In Polen sind viele der Meinung, dass die Anleger des Pleite gegangenen Finanzdienstleisters Amber Gold für ihre Verluste selbst haften sollten, weil die Renditeversprechen des Unternehmens ganz offensichtlich unrealistisch gewesen seien. Doch auch der Staat hat versagt, da die Staatsanwaltschaft frühere Vorwürfe gegen Amber Gold nicht richtig geprüft hat, meint der Publizist Łukasz Warzecha in der konservativen Boulevardzeitung Fakt: "Die Frau Staatsanwältin hat die Sache so in Angriff genommen, als hätte sie keine richtige Lust darauf.
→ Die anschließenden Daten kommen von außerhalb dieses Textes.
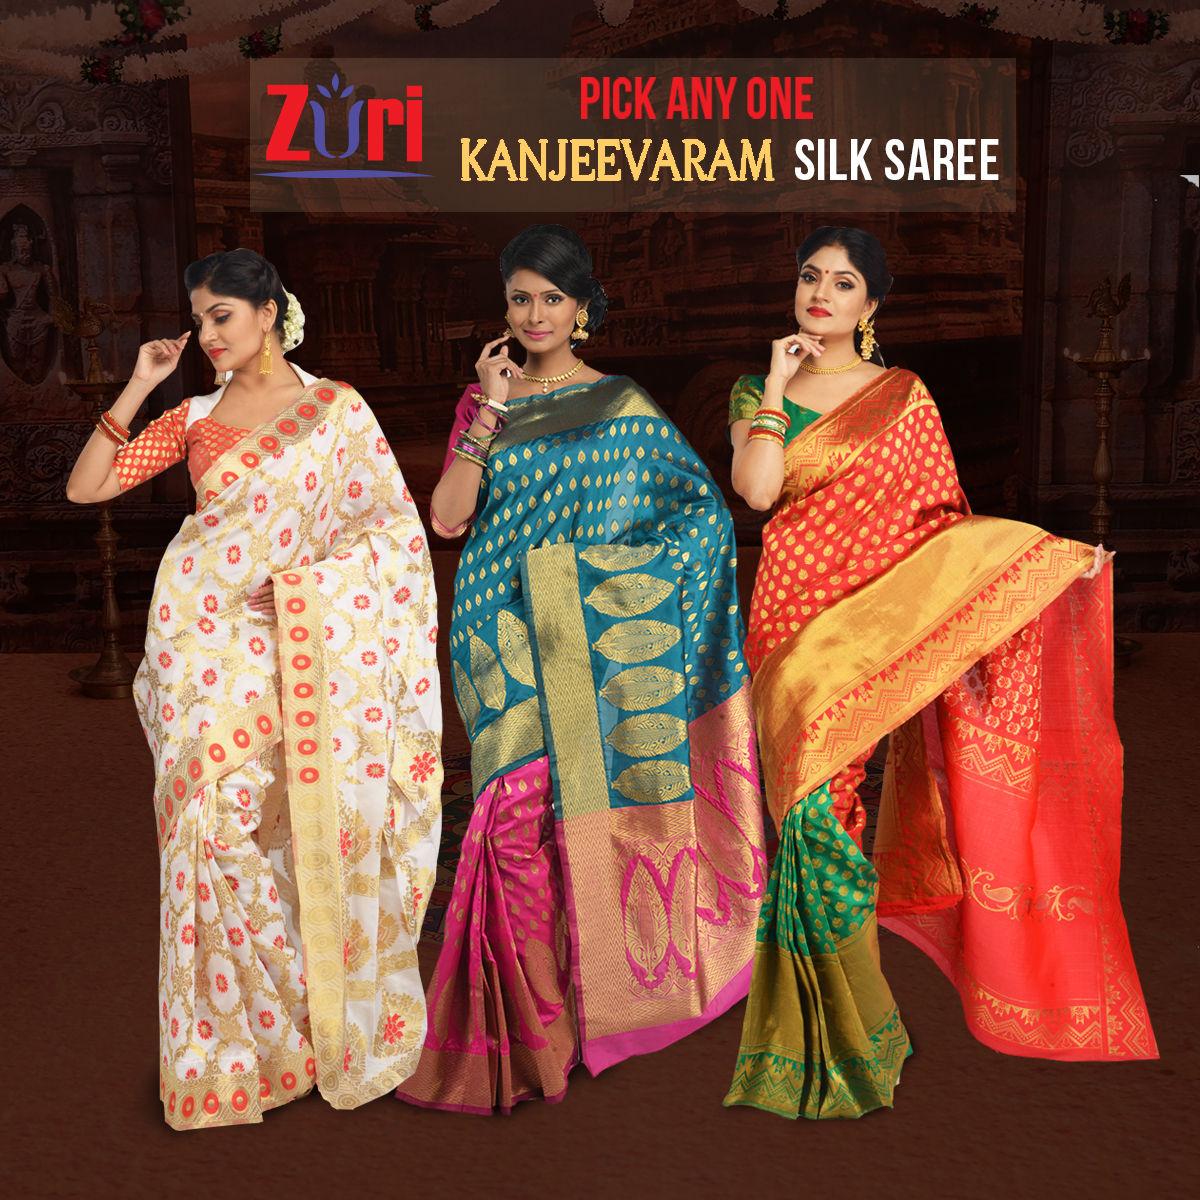 9a49e248c47 Buy Pick Any One Kanjeevaram Silk Saree by Zuri (KSS3) Online at Best Price  in India on Naaptol.com
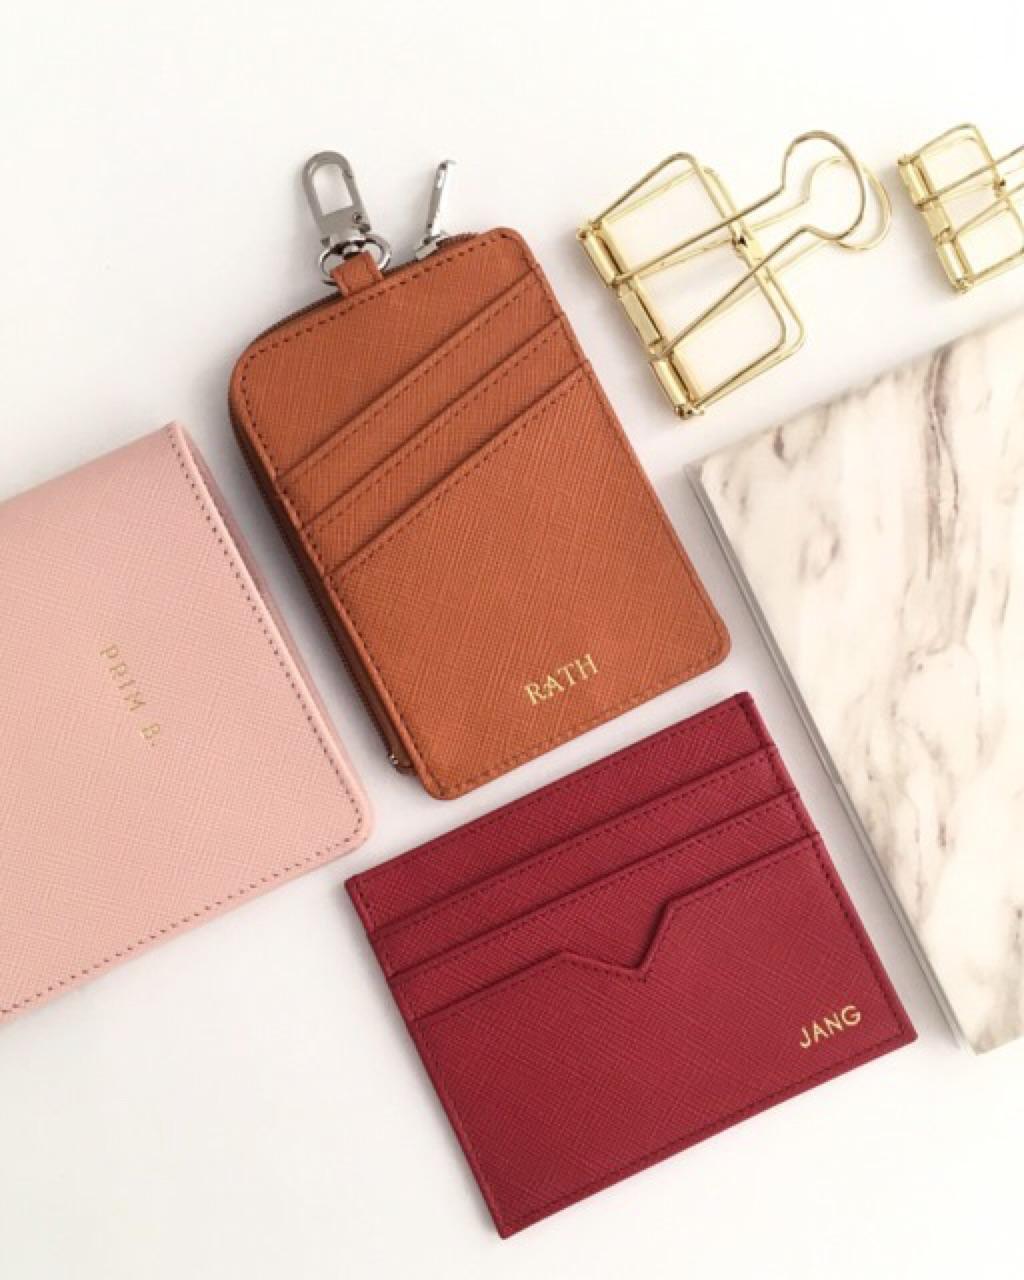 VITTCUSTOMSTUDIO,กระเป๋า,กระเป๋าหนัง,ซอง,ซองหนัง,ซองใส่บัตร,ใส่บัตร

Hat somit der Staat versagt? Natürlich. Wenn er so funktioniert hätte, wie er eigentlich sollte, dann hätte die Firma Amber Gold ihren Betrieb wahrscheinlich viel früher eingestellt. Jetzt muss man nur noch herausfinden, wer dieses Unternehmen noch schützt. Denn nur die Naivsten glauben, dass es nicht irgendwie geschützt wird. Ich befürchte, dass es auch diesmal so sein wird wie in anderen Fällen. Statt die Beamten für ihr Fehlverhalten zur Verantwortung zu ziehen, werden uns wieder neue Vorschläge für Regulierungen gemacht, die unsere Freiheit einschränken - natürlich alles nur zu unseren Gunsten."